Work item: The copy must hold every line from the one with "Showcasing Beige color" through the end of the listing, word for word, and must hold no pictures.

Data provided:
◆ ◆ ◆ ◆

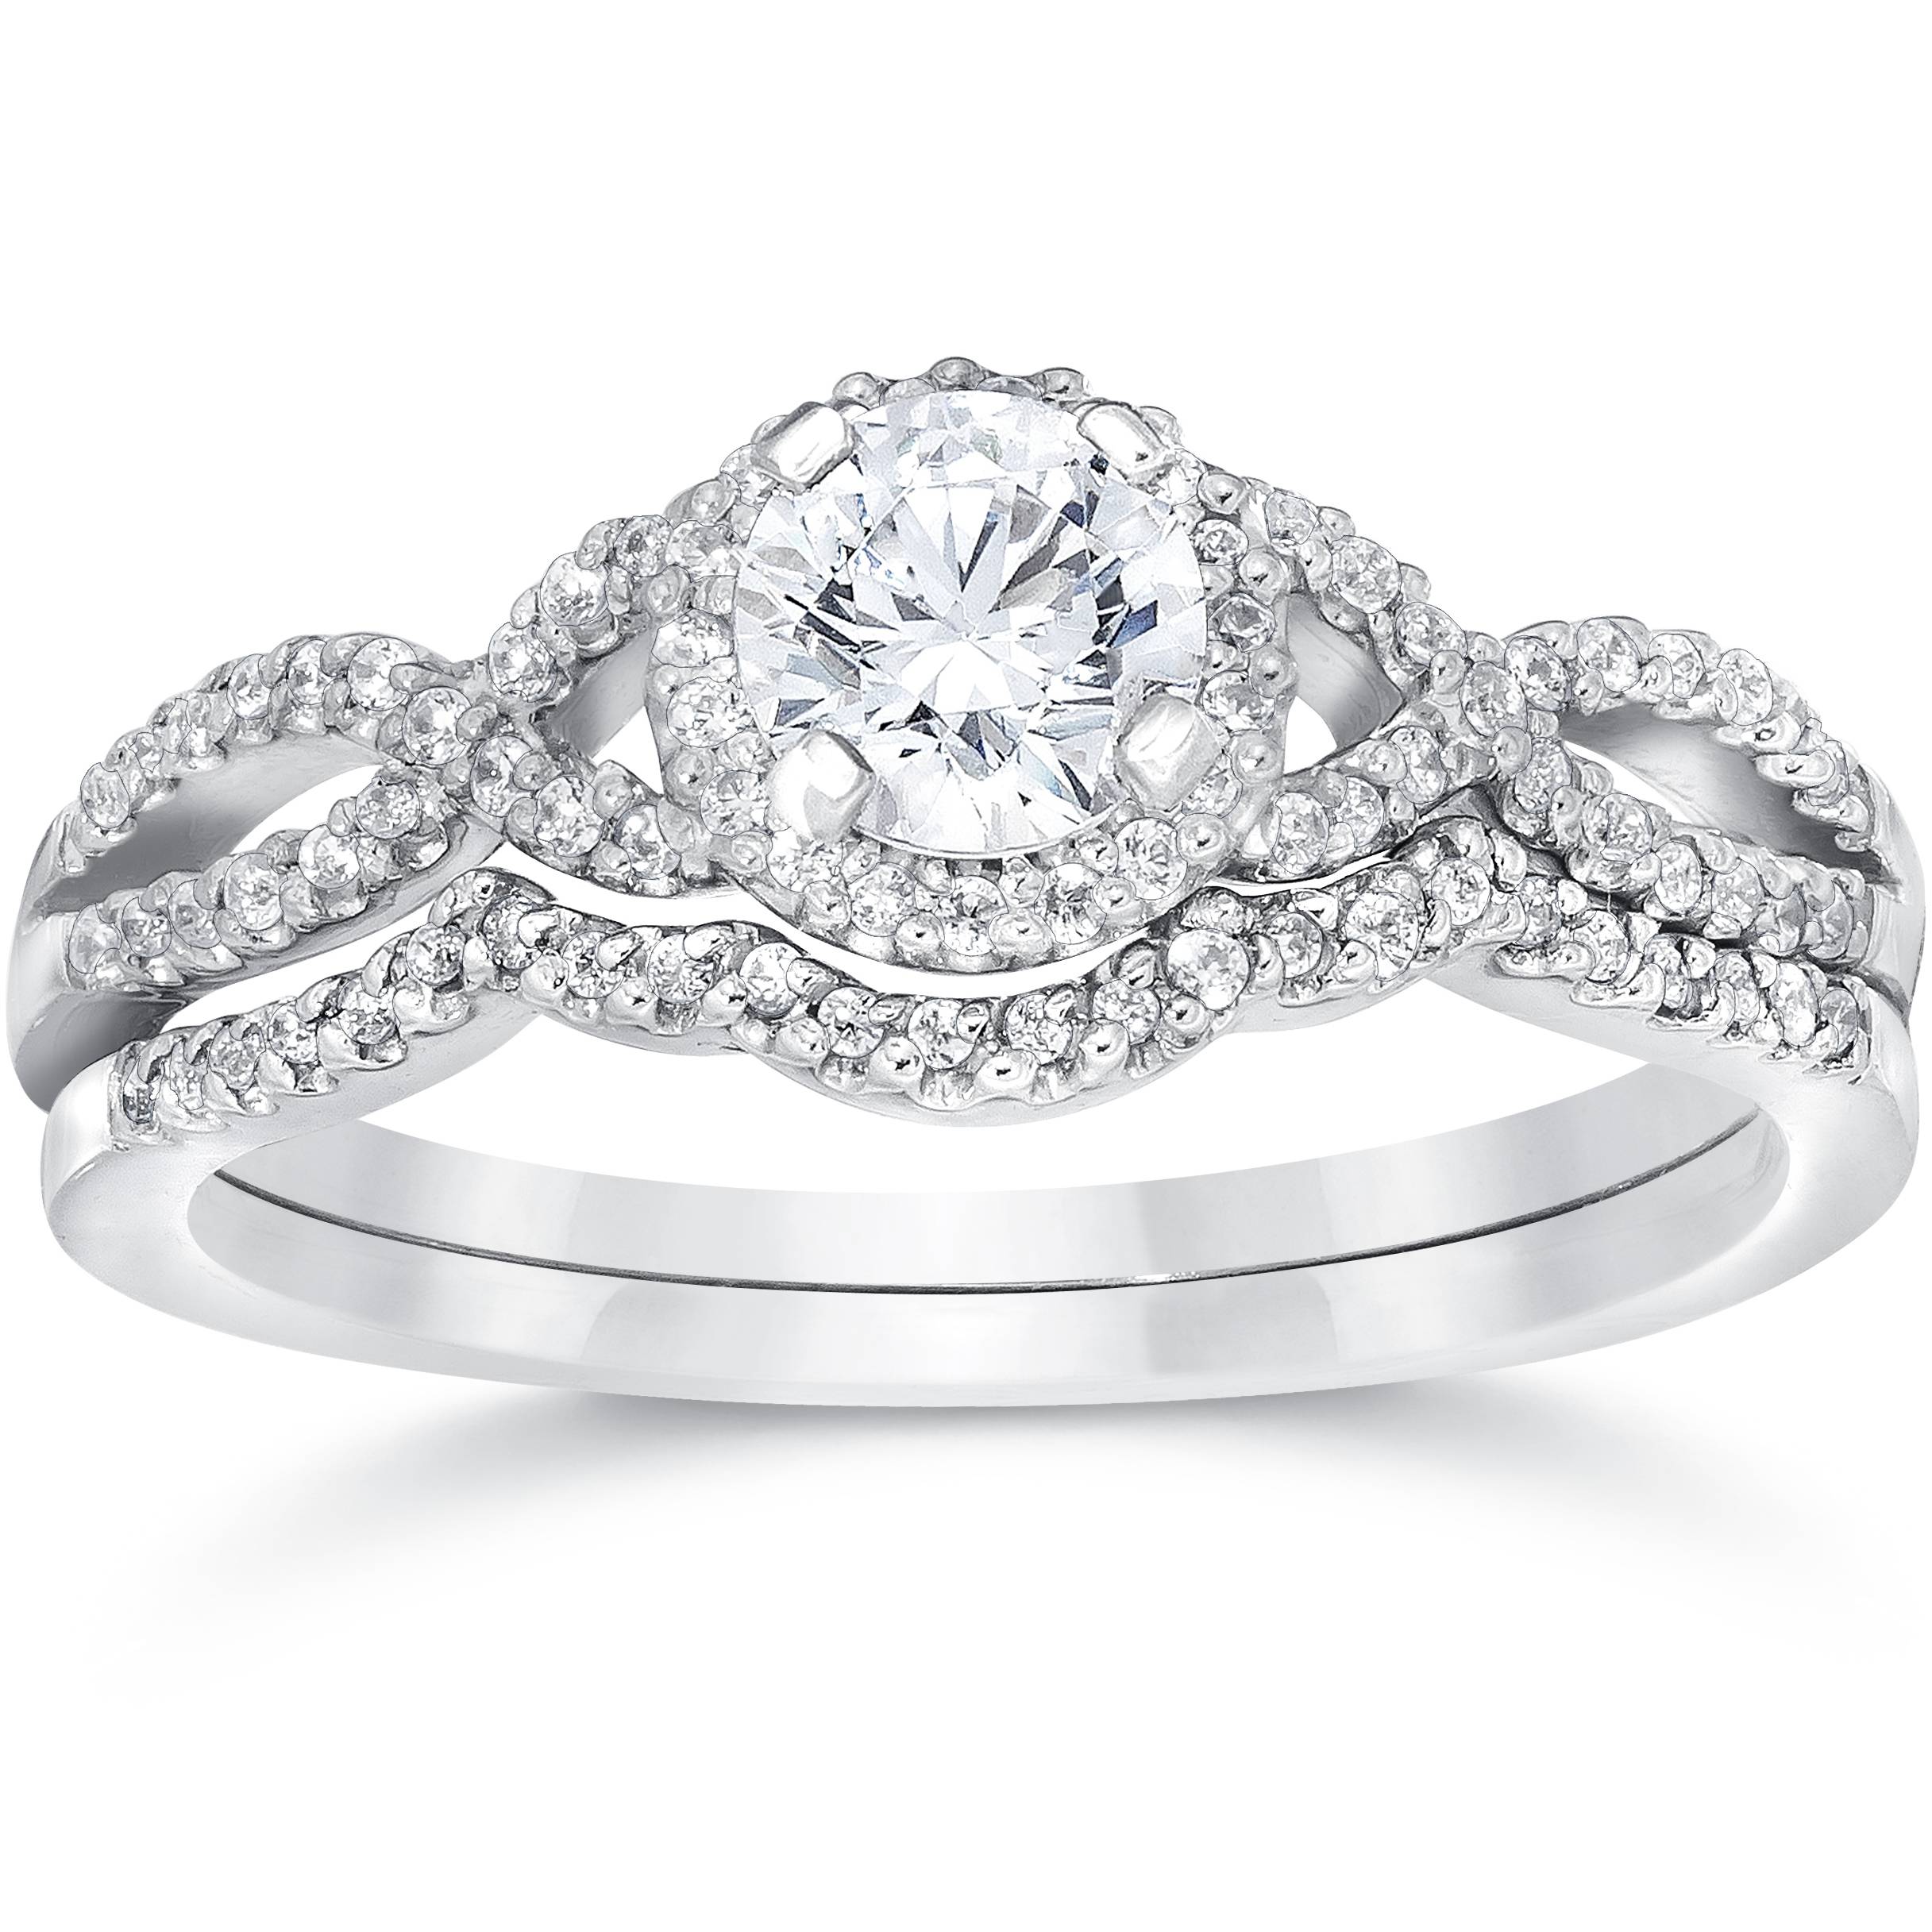 Monogram Infini Engagement Ring, White Gold and Diamond - Categories Q9M34A
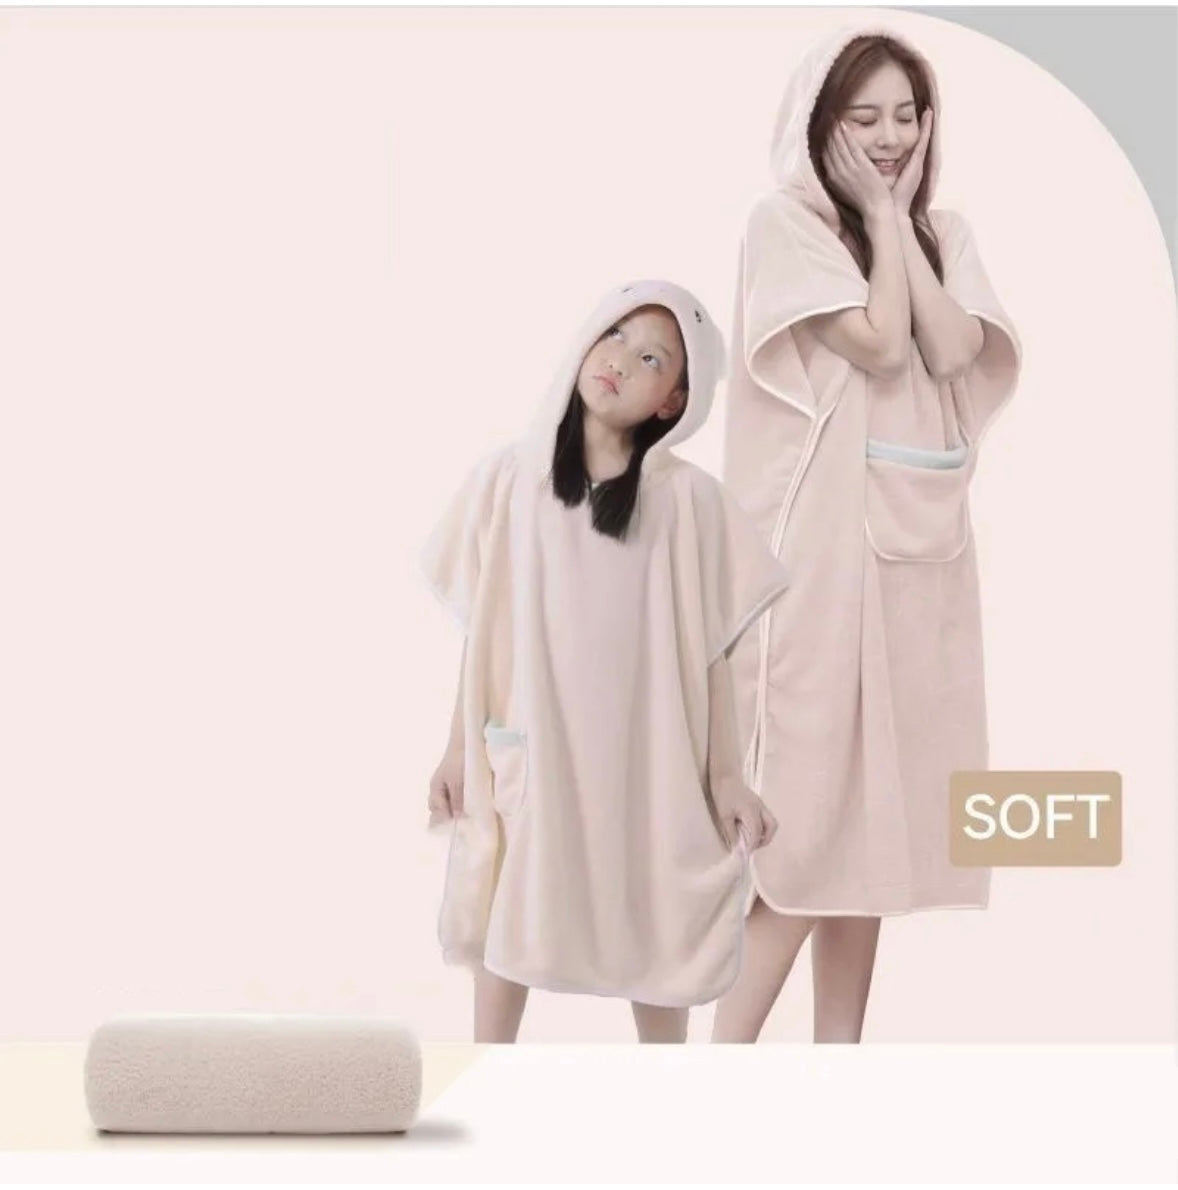 Showcasing Beige color Quick-Drying Hooded Bathrobe worn by a Woman and a Child
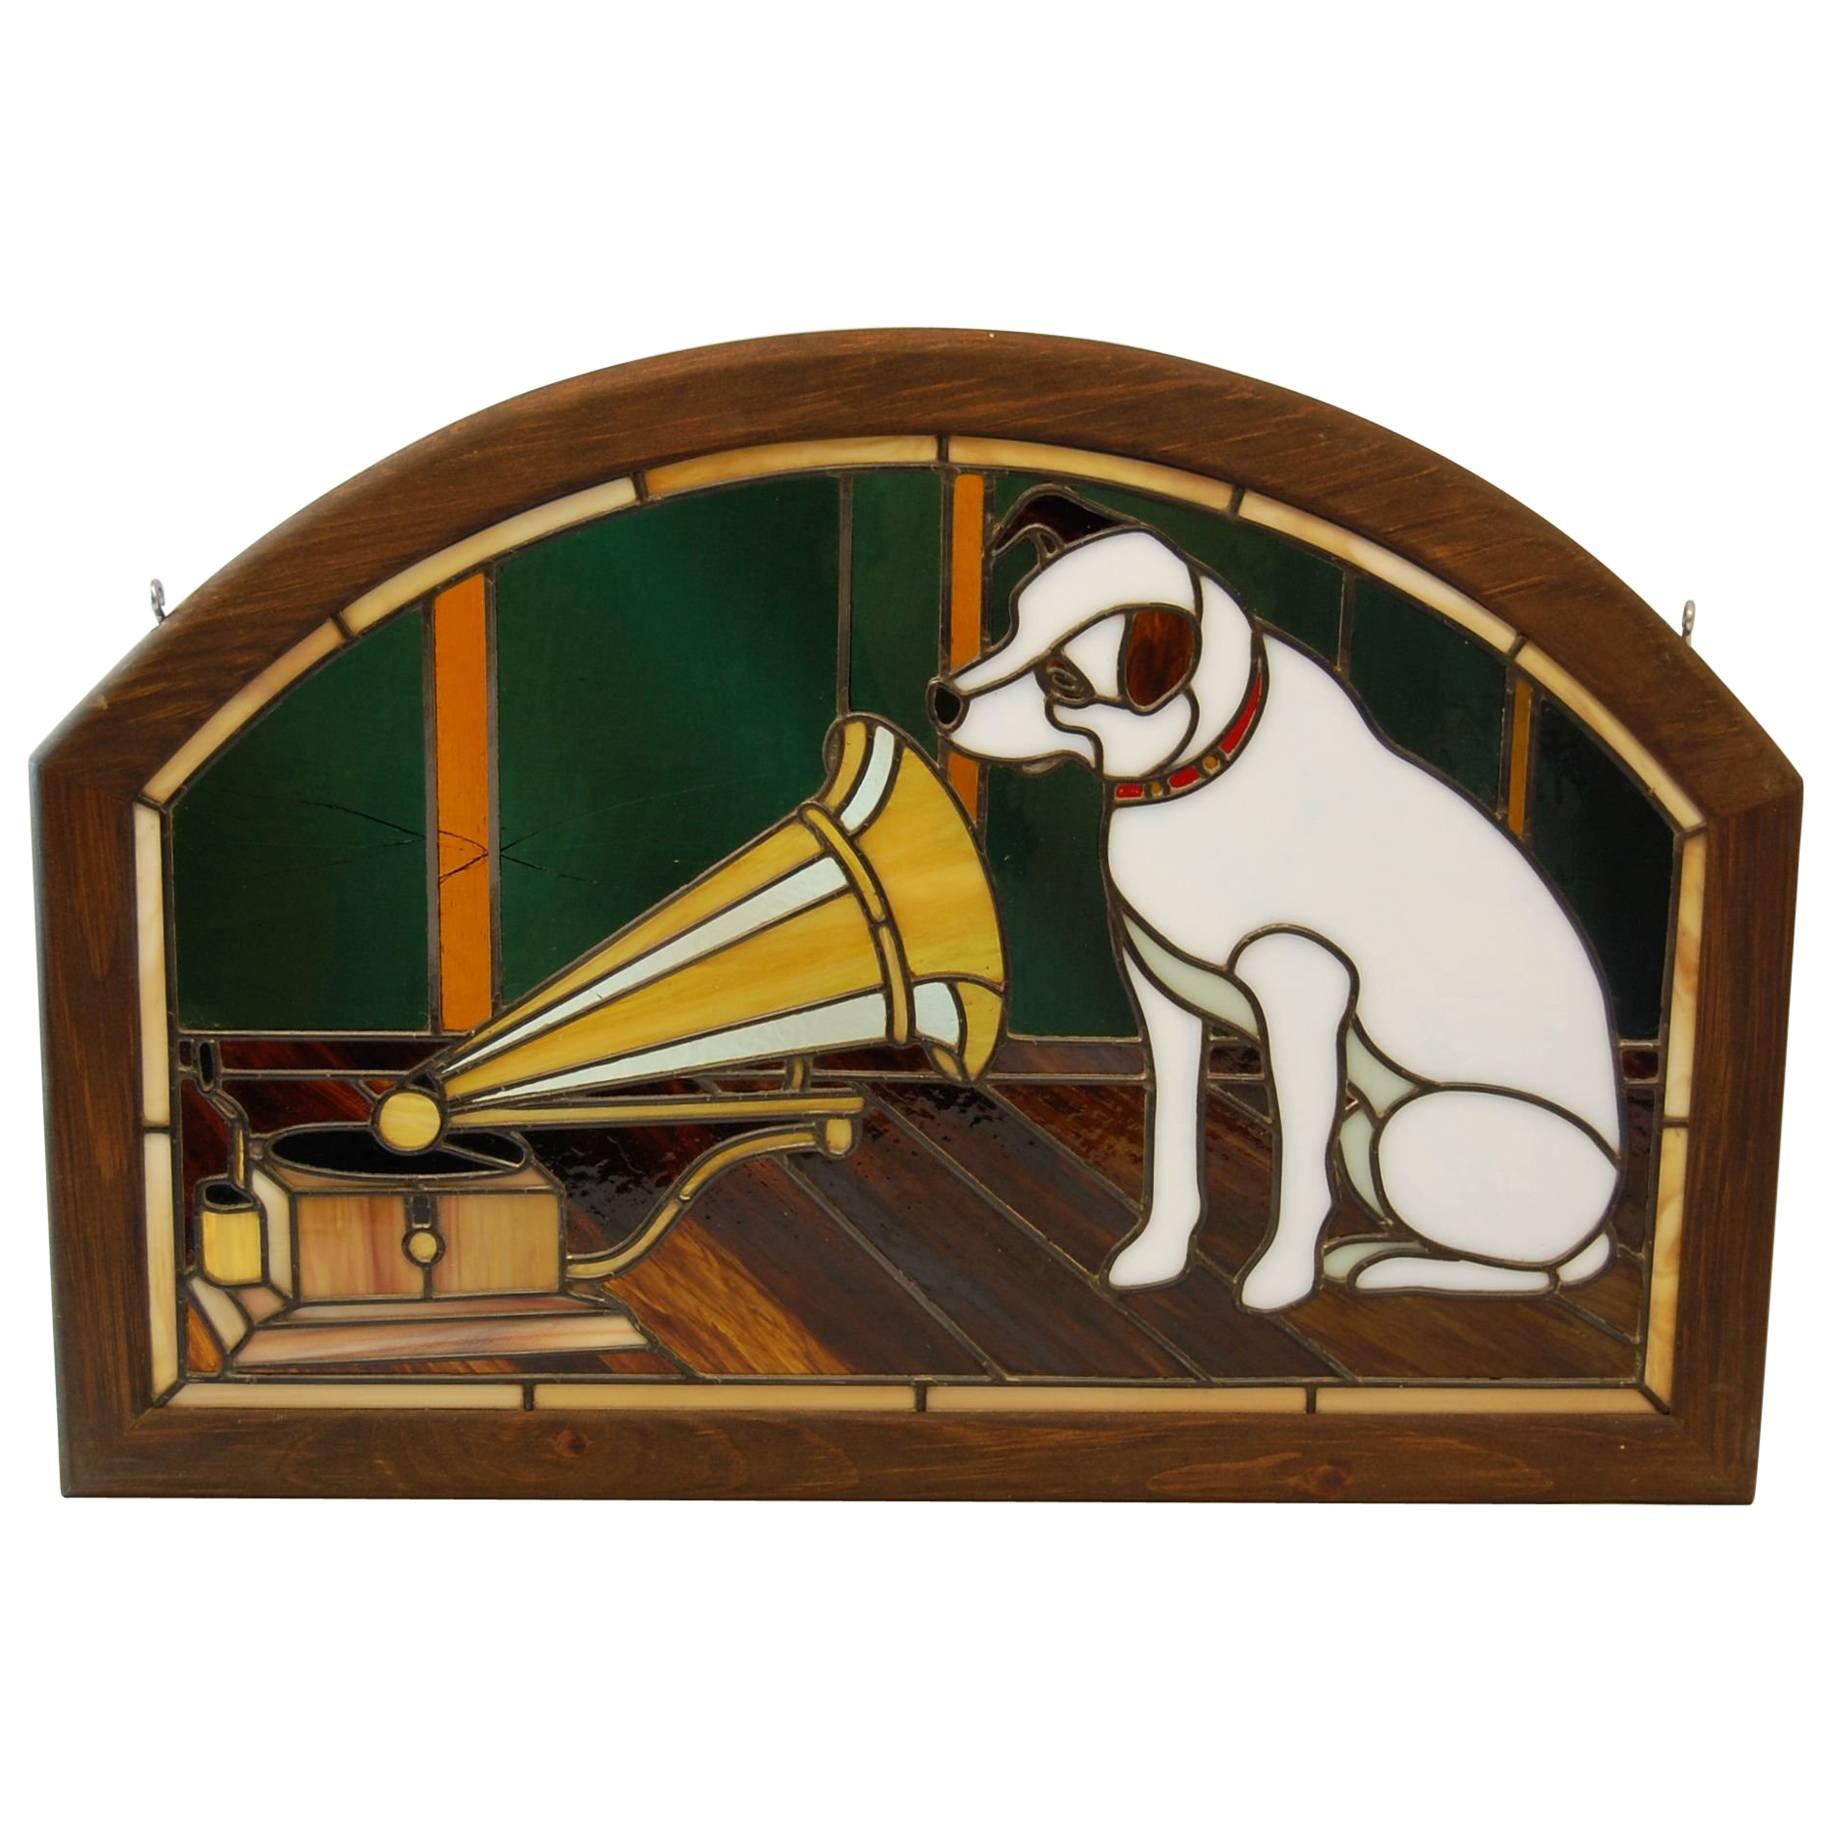 Stained Glass Panel Featuring the RCA Dog, Nipper in Wooden Frame For Sale

◆ ◆ ◆ ◆

Written answer:
 Showcasing Beige color Quick-Drying Hooded Bathrobe worn by a Woman and a Child
 Stained Glass Panel Featuring the RCA Dog, Nipper in Wooden Frame For Sale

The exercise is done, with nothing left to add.